Re: sometimes when reboot node glustershd process does not come up.

[Date Prev][Date Next][Thread Prev][Thread Next][Date Index][Thread Index]

 



Apologies for coming back late on this as I was occupied with some other priority stuffs. I think your analysis is spot on.

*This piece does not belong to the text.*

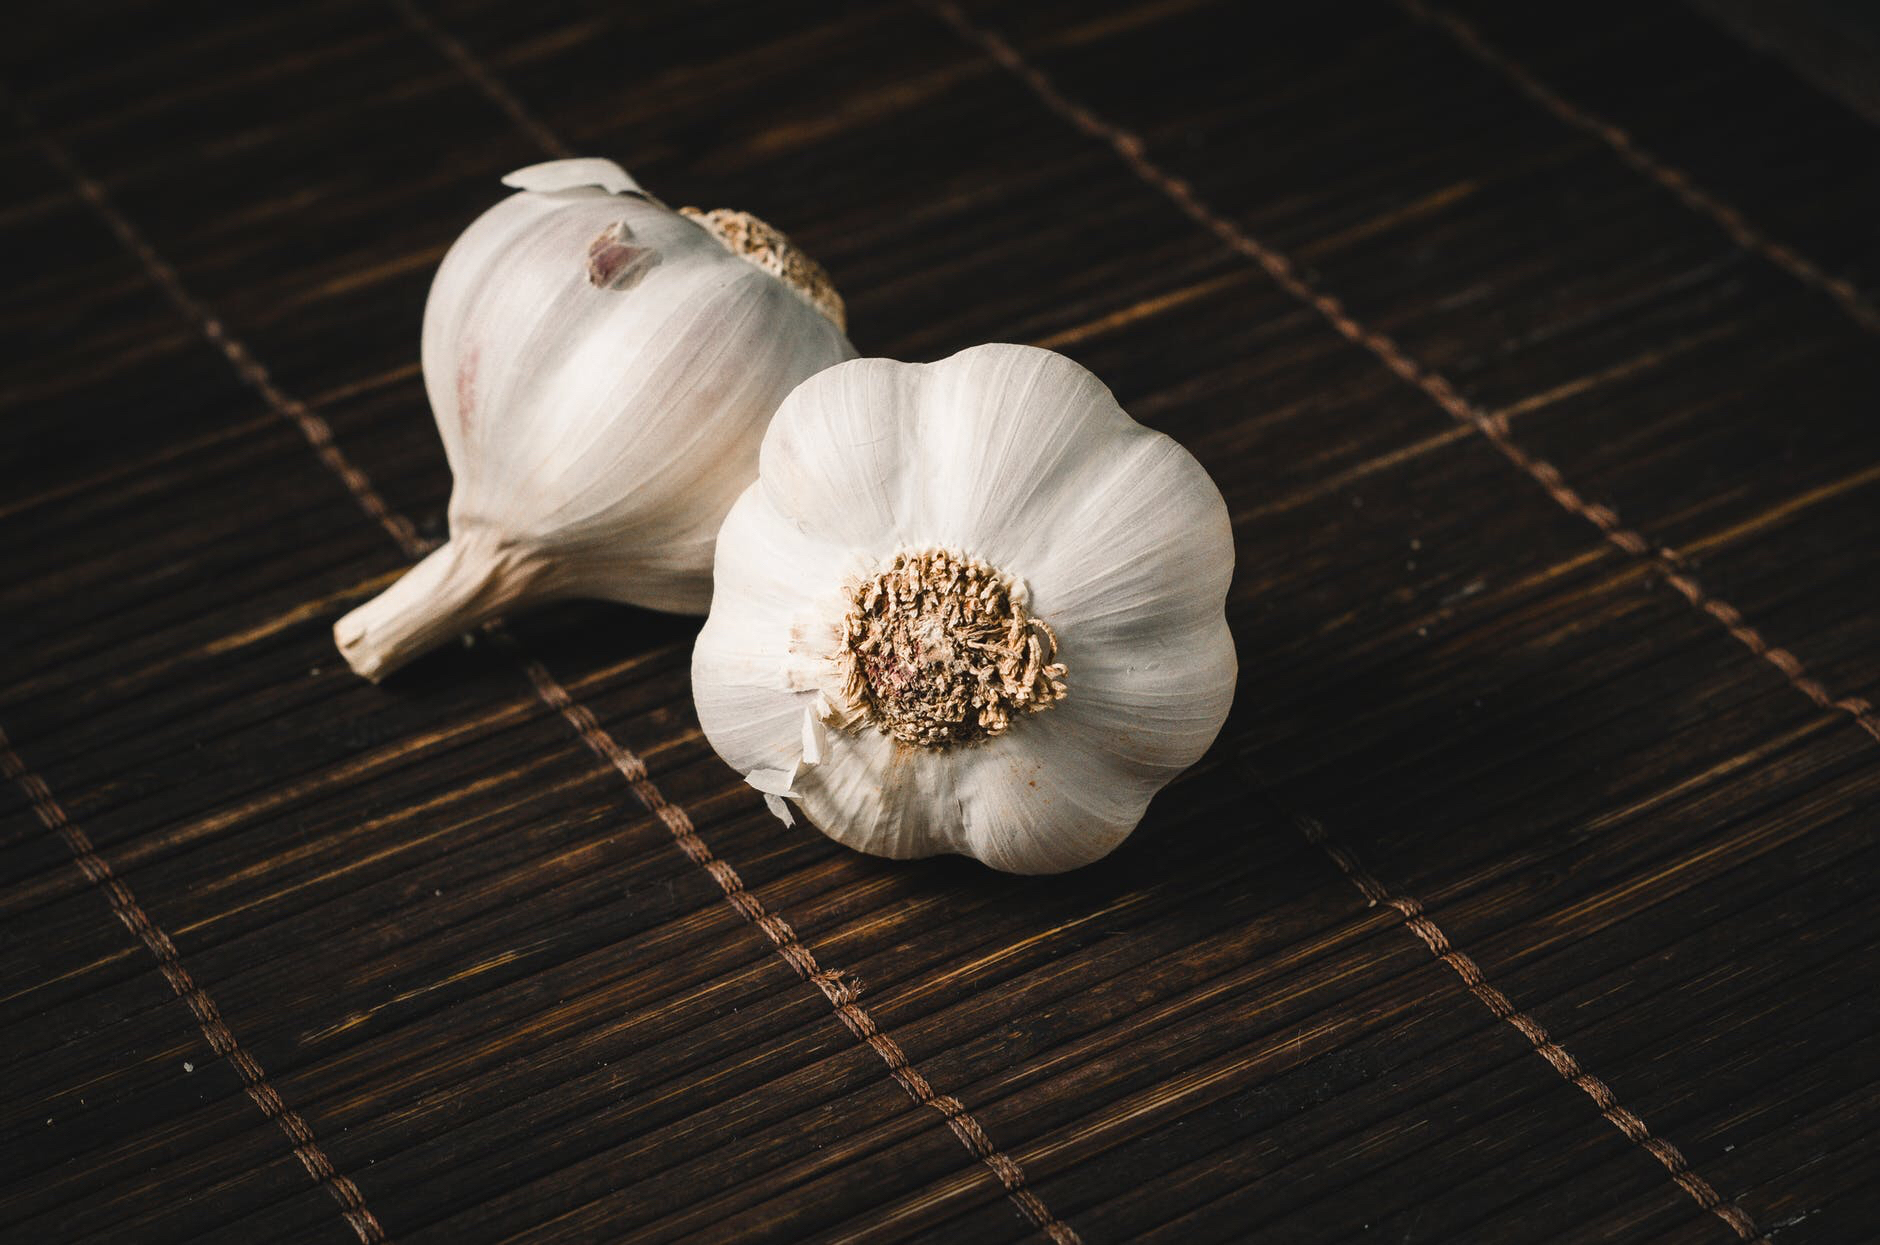 National Garlic Day
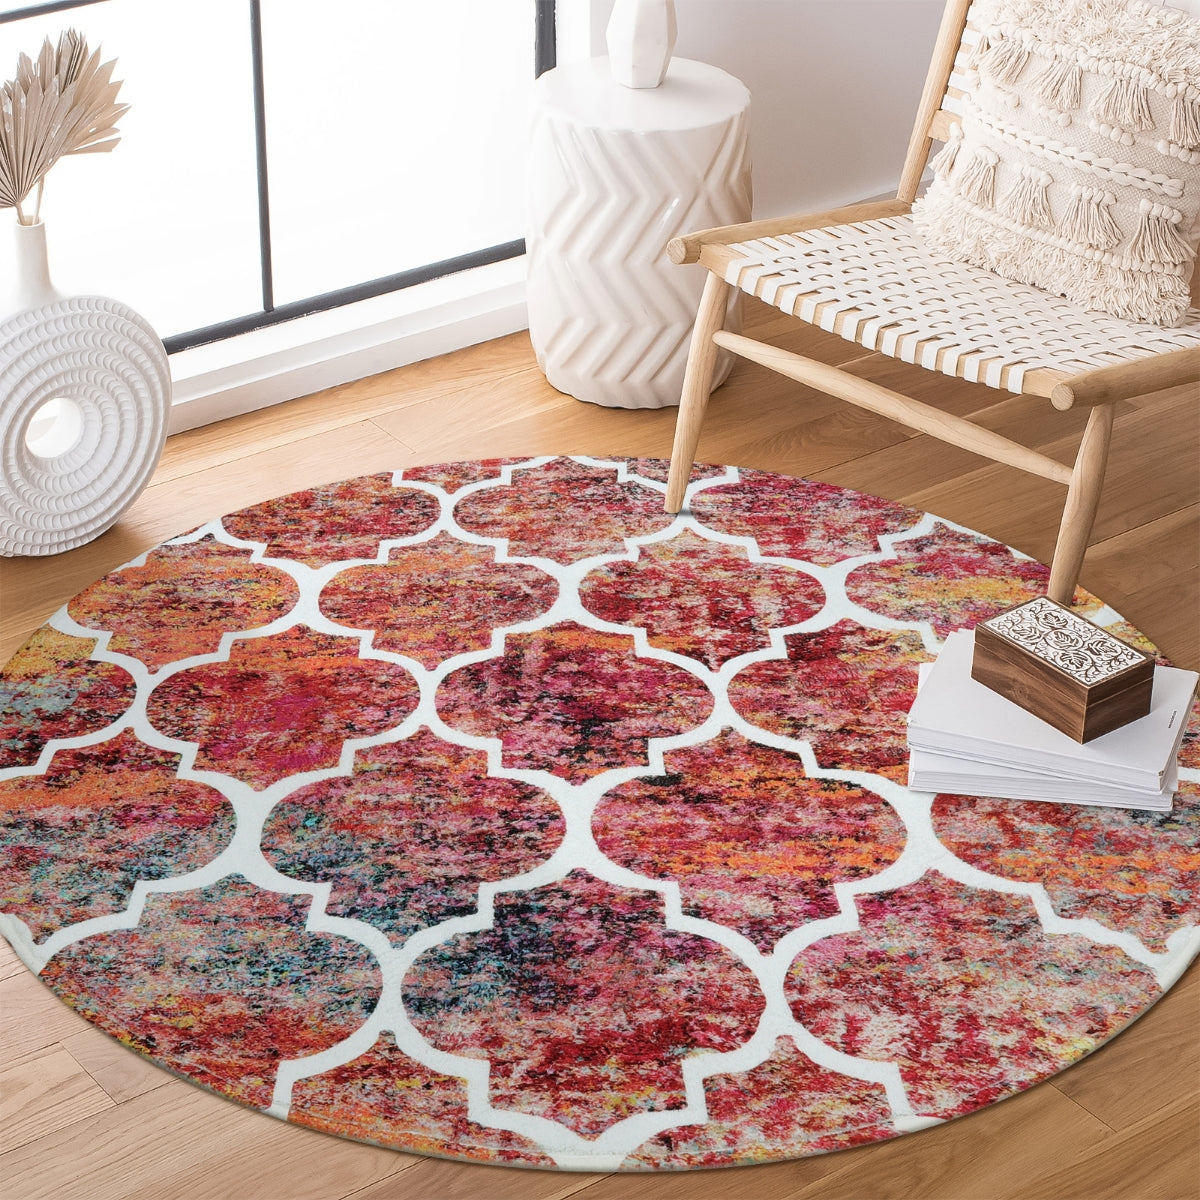 colorful moroccan rug

To add on why we hit this race, when glusterd restarts, glusterd_svcs_manager () is invoked from glusterd_compare_friend_data ()  and through glusterd_restart_bricks () where as in the case of latter this function is invoked through a synctask which means you can end up with multiple threads executing glusterd_restart_bricks () at one point of time and with that parallelism it's quite possible that one thread tries to kill the process and immediately the other tries to bring it up and since its the glusterfsd process which cleans up the pidfile this race is exposed.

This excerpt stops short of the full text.